Broadcasters have fired the first legal shot in their fight against the Federal Communications Commission’s (FCC) upcoming airwave auction.
The National Association of Broadcasters filed its opening brief with the D.C. Circuit Court of Appeals late on Friday accusing the FCC of “refusal to follow Congress’s express direction” to protect their industry in the upcoming auction.
“When authorizing the FCC to conduct the broadcast spectrum incentive auction, Congress plainly sought to balance its desire to reallocate spectrum for commercial wireless service with the goal of ensuring that broadcasters that choose not to participate in the auction — and their viewers — are unharmed in the process,” the trade group asserted.
“The FCC has shunned its statutory obligation to protect broadcasters and viewers,” it added.
The massive airwave auction will give TV broadcast companies the chance to sell their rights to the nation’s airwaves back to the FCC. The agency will then repackage those spectrum licenses and sell them to wireless companies such as AT&T and Verizon, which are looking for new airwaves to meet the demand of users whose videos, games and other mobile applications have strained the companies' resources.
Broadcasters, however, claimed they were getting the raw end of the deal because of the way the FCC is calculating each company’s footprint. That could leave some broadcasters worse off after the auction, they have feared.
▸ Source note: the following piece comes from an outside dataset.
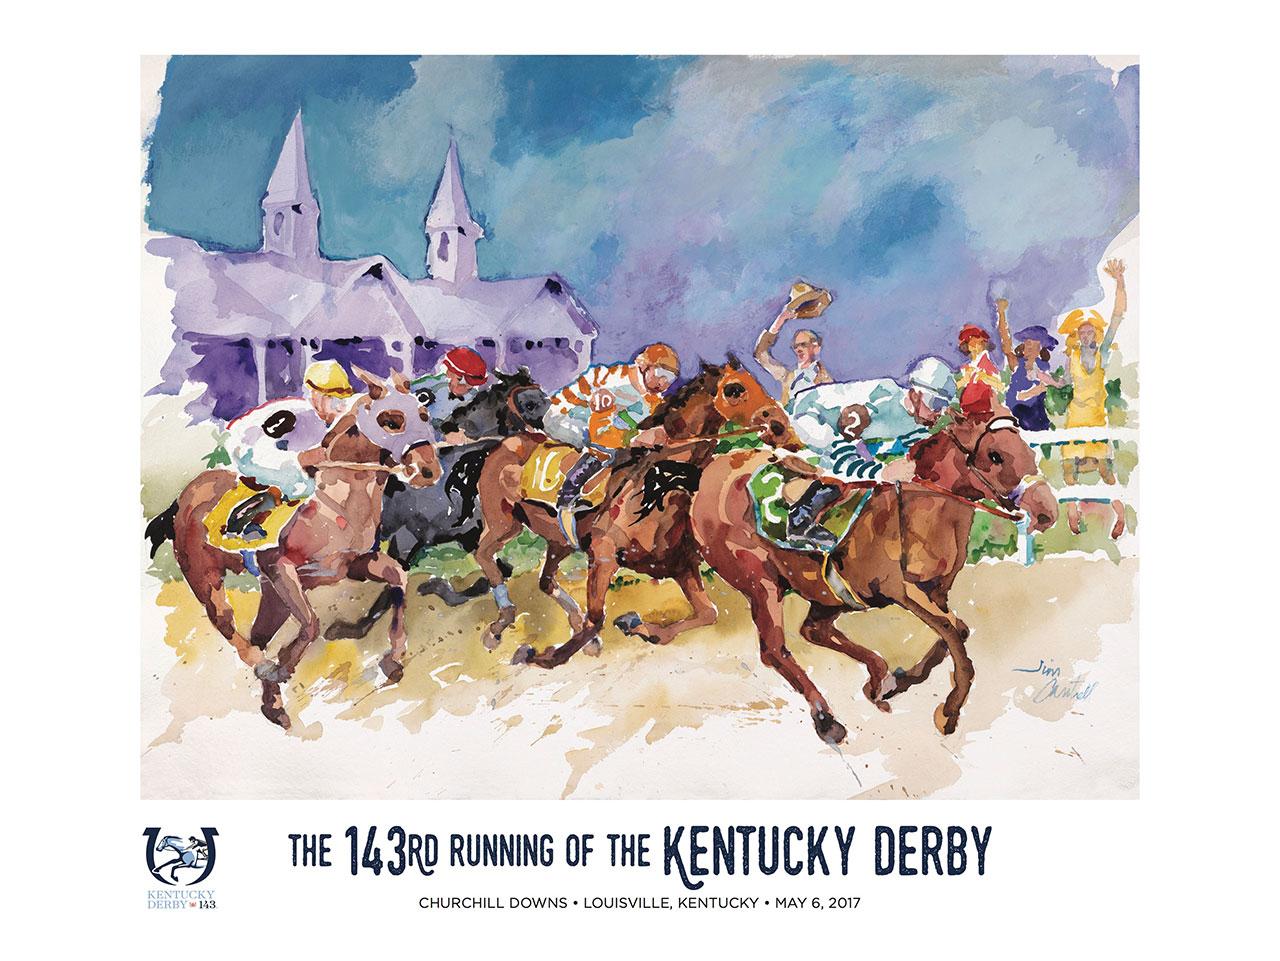 https://www.kentuckyderby.com/uploads/news-images/2016/ART-2017-Kentucky-Derby.jpg

The new methodology “effectively moves the goalposts by employing dramatically different procedures and producing significantly different calculations of broadcasters' coverage areas and populations served,” the group claimed in its brief.
Additionally, the National Association of Broadcasters is alleging that the agency’s terms of the auction do not adequately define competition, which could lead to worse conditions for broadcasters.
The massive spectrum auction was originally scheduled for next year, but was pushed back to 2016 in reaction to the broadcasters’ lawsuit.